SUPPLIED DATA:
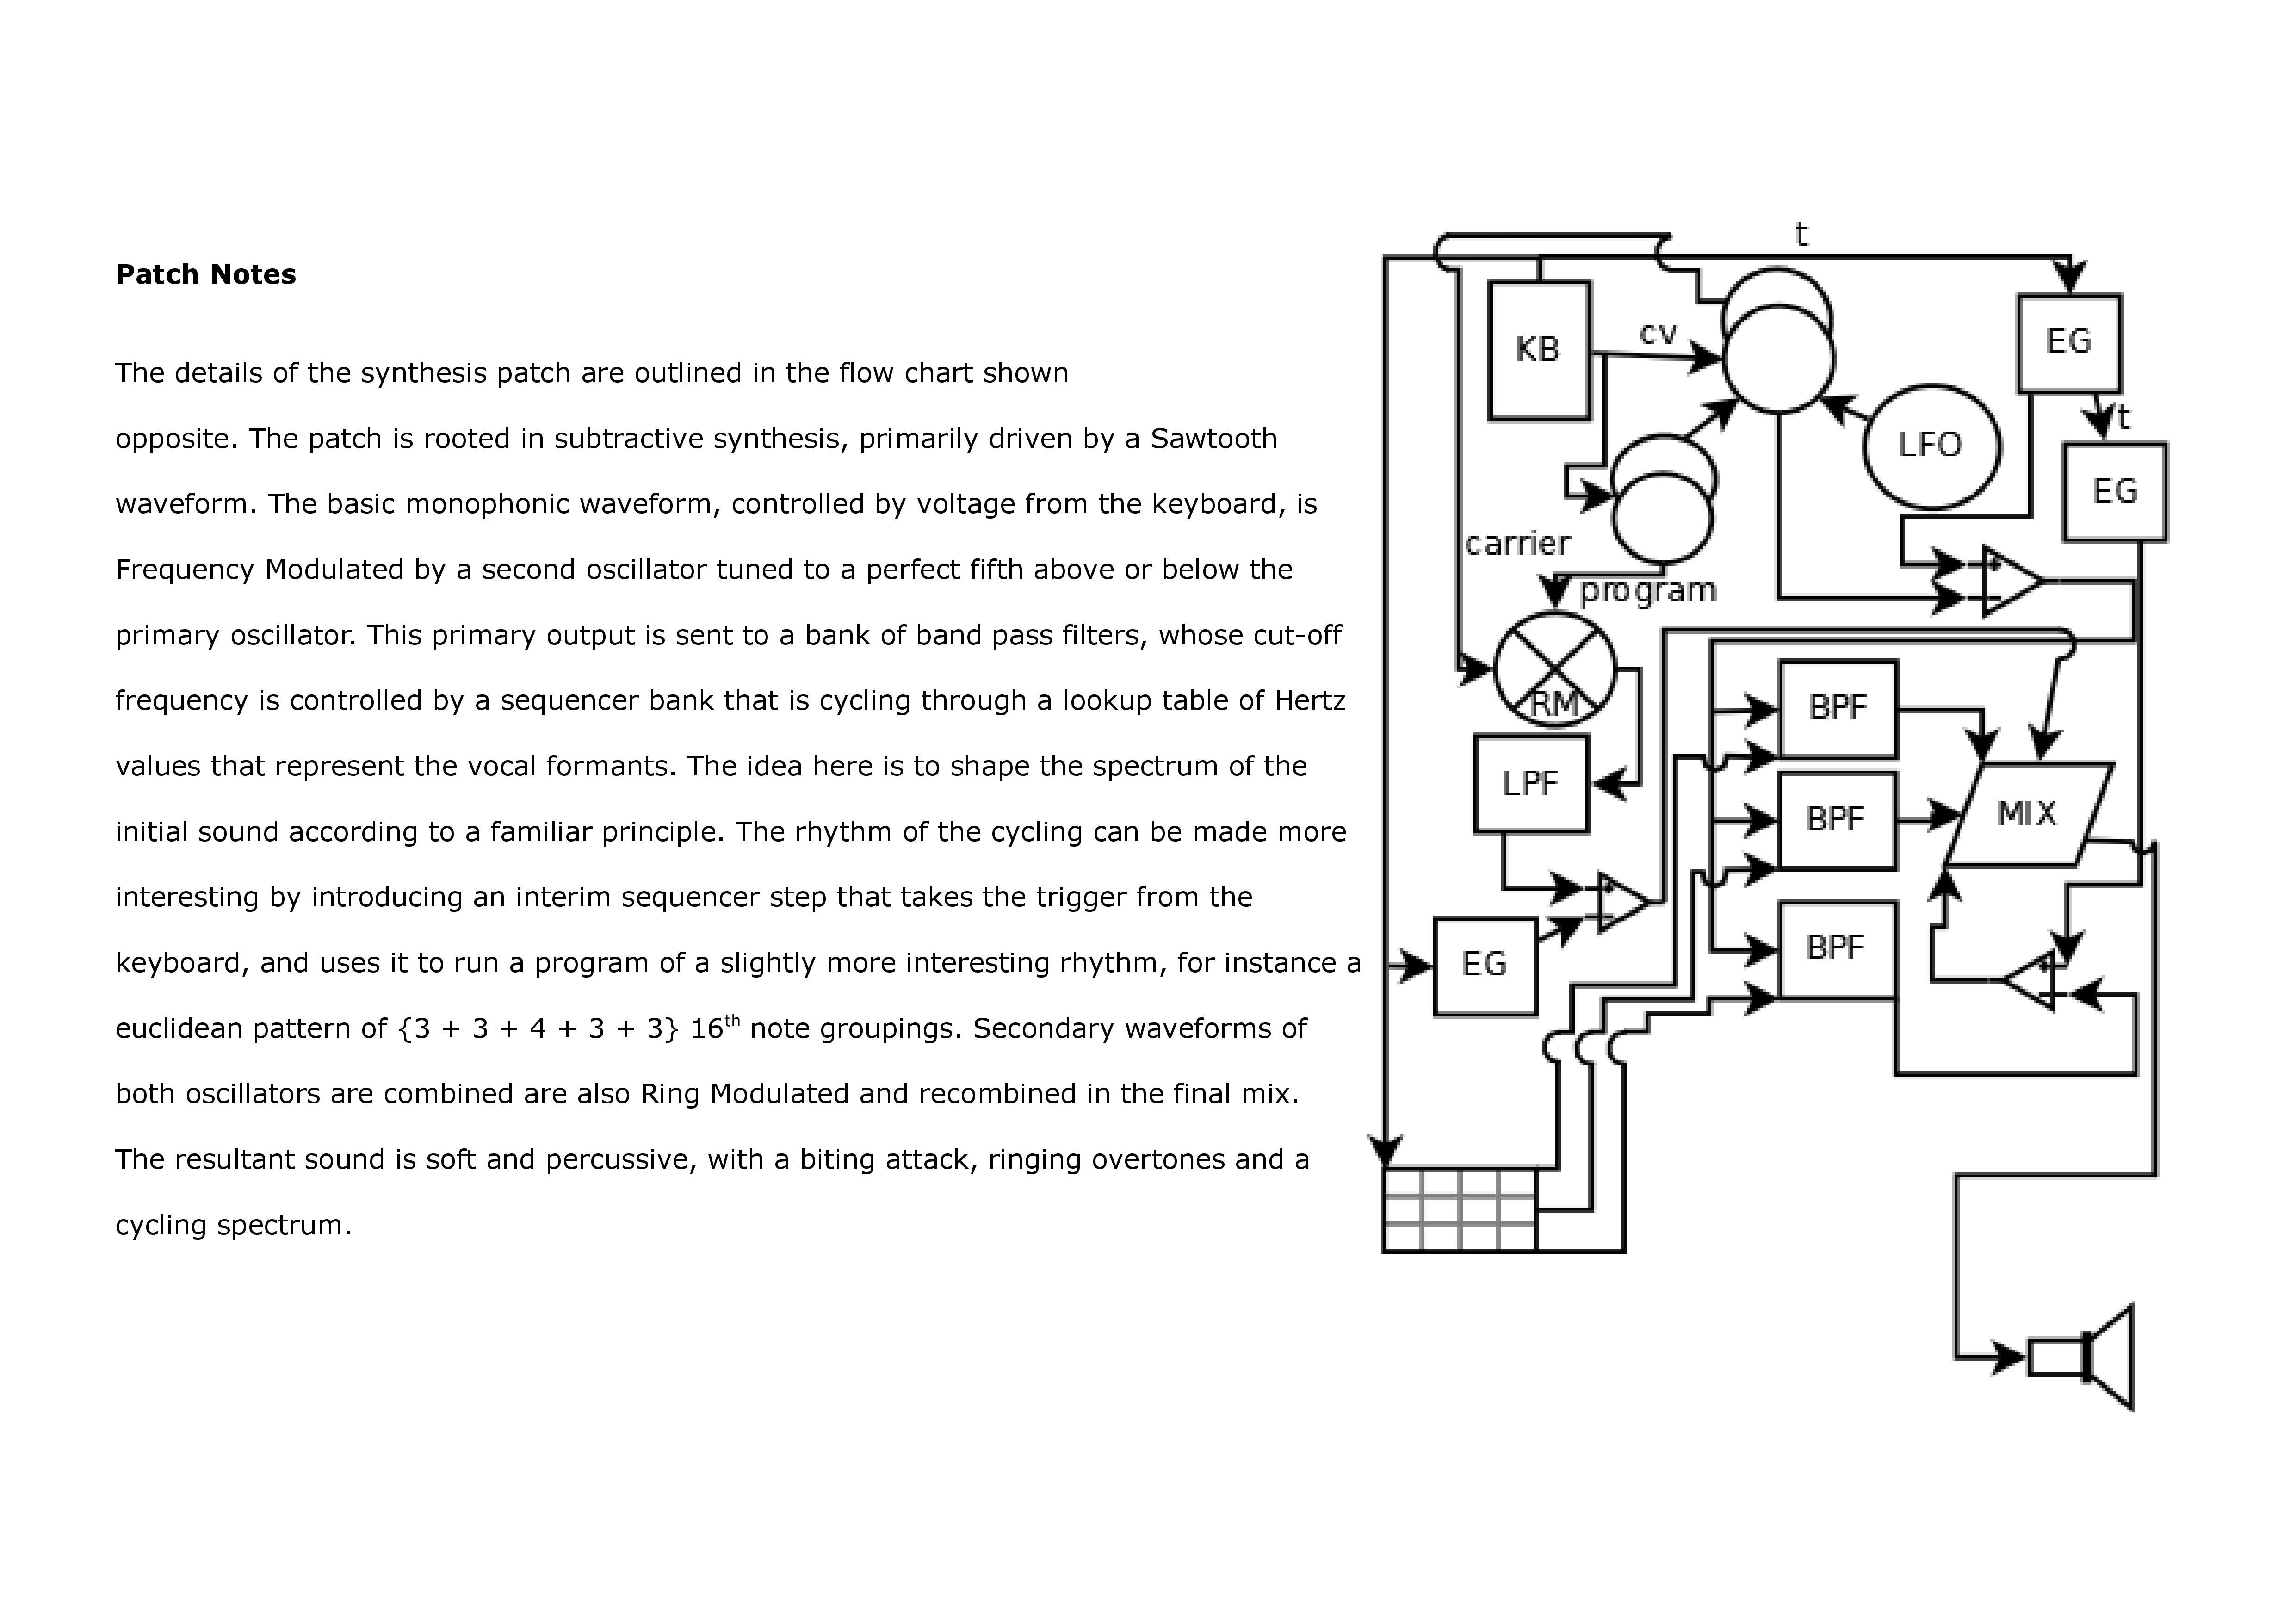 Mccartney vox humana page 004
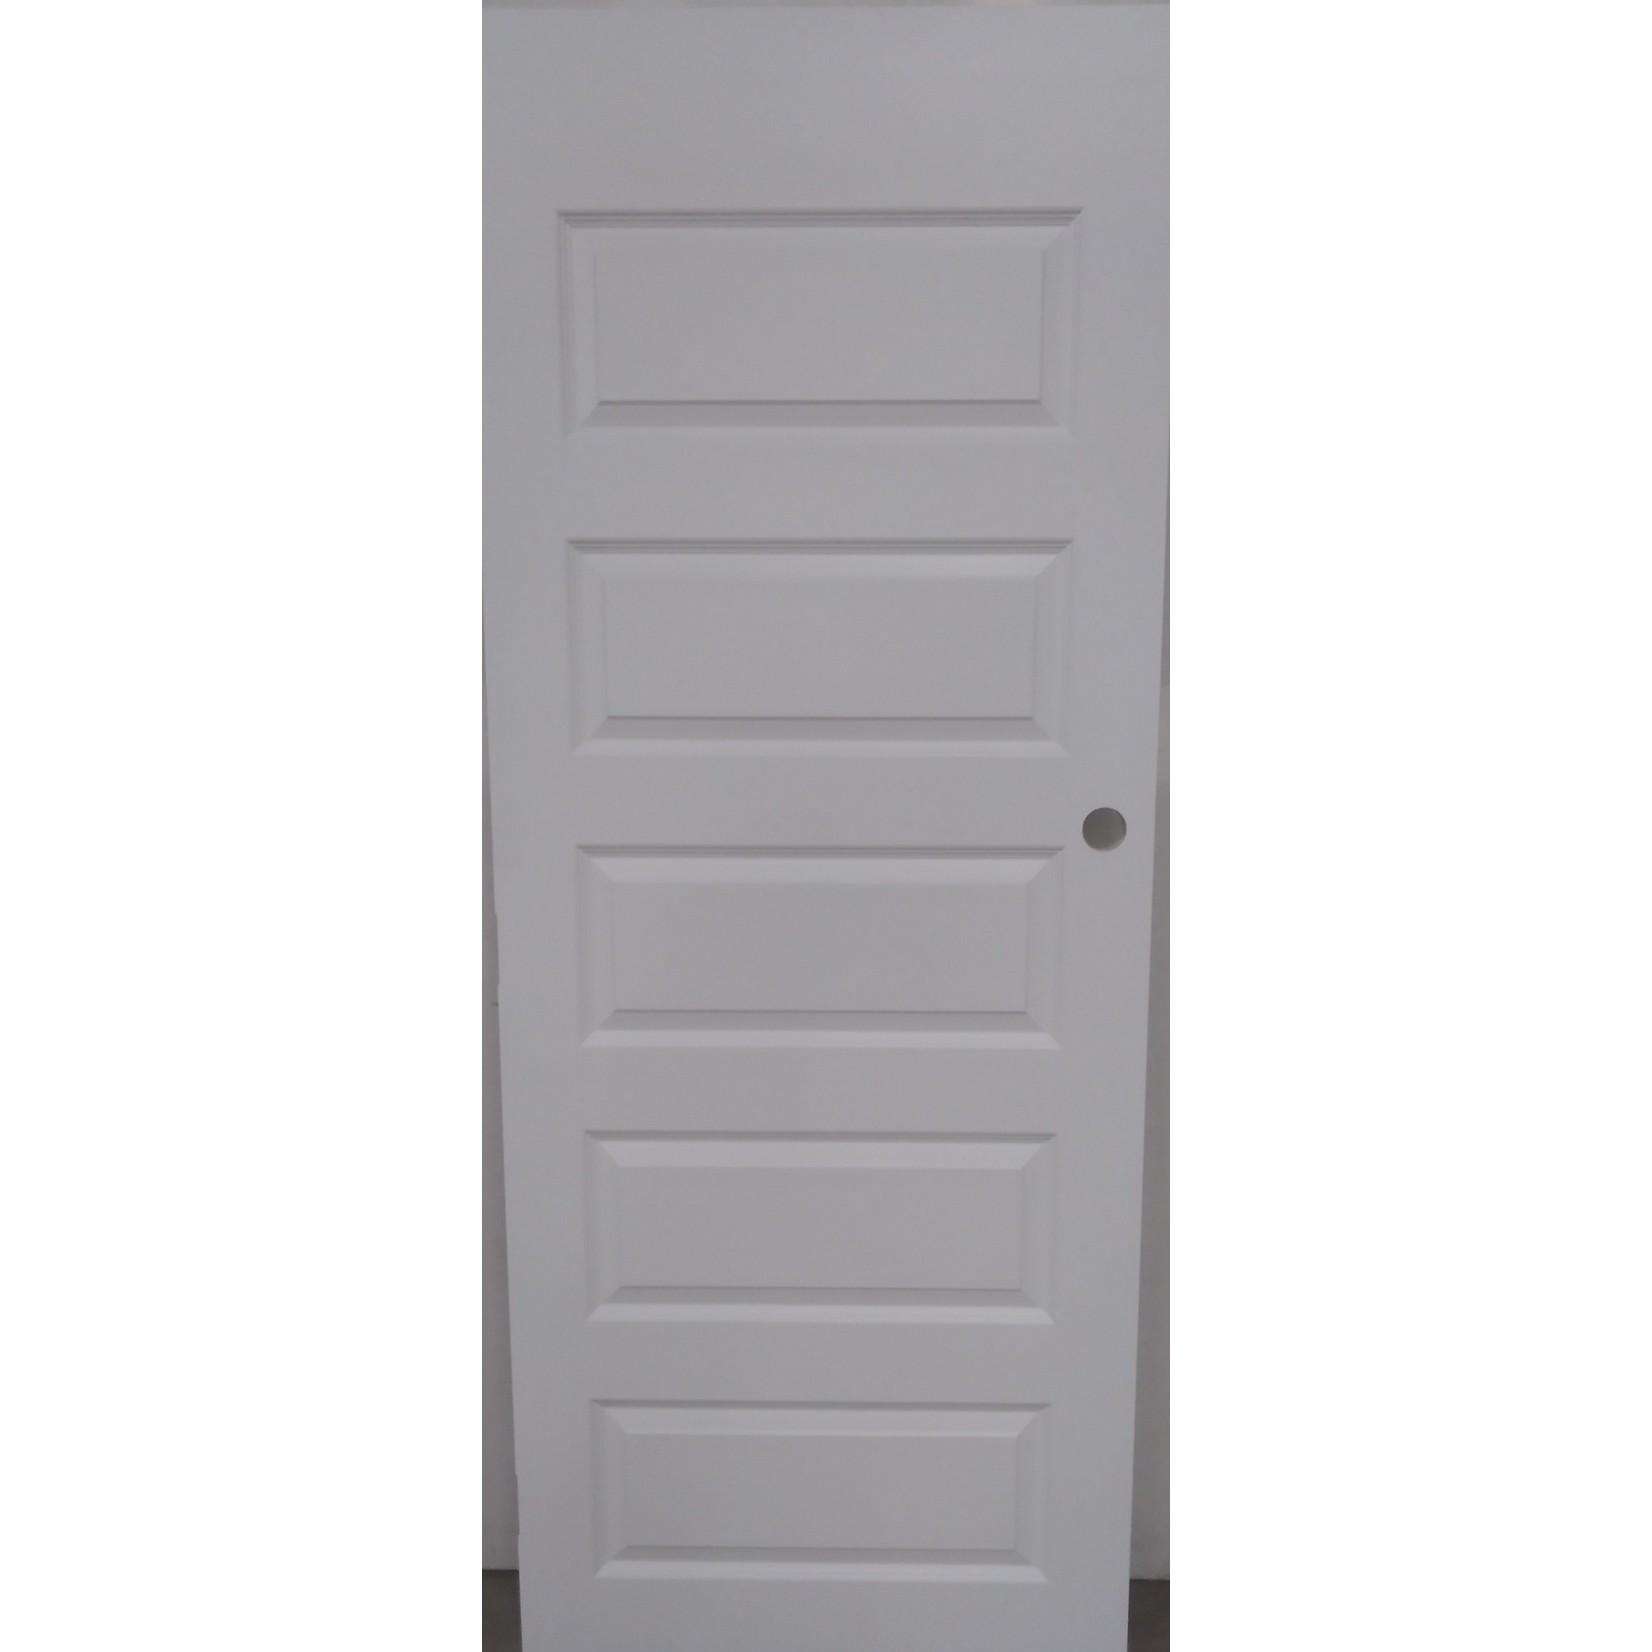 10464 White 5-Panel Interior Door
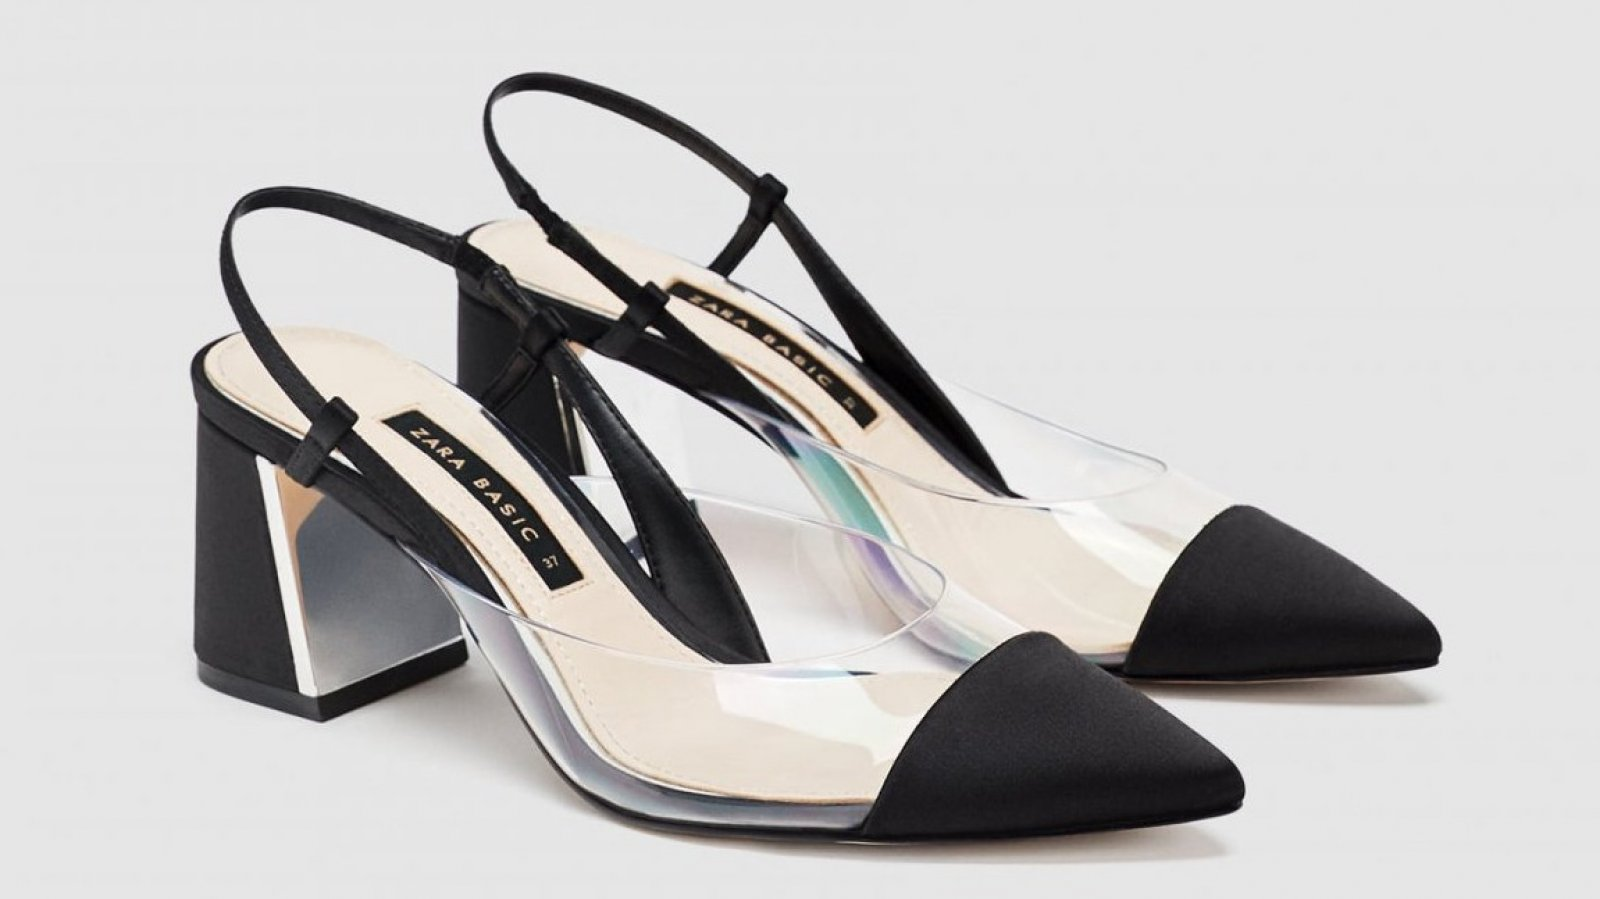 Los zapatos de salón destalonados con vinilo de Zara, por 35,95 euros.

WHAT THE TASK ASKS: Give the preceding data back exactly, minus every picture.

REPLY:
 Mccartney vox humana page 004
 10464 White 5-Panel Interior Door
 Los zapatos de salón destalonados con vinilo de Zara, por 35,95 euros.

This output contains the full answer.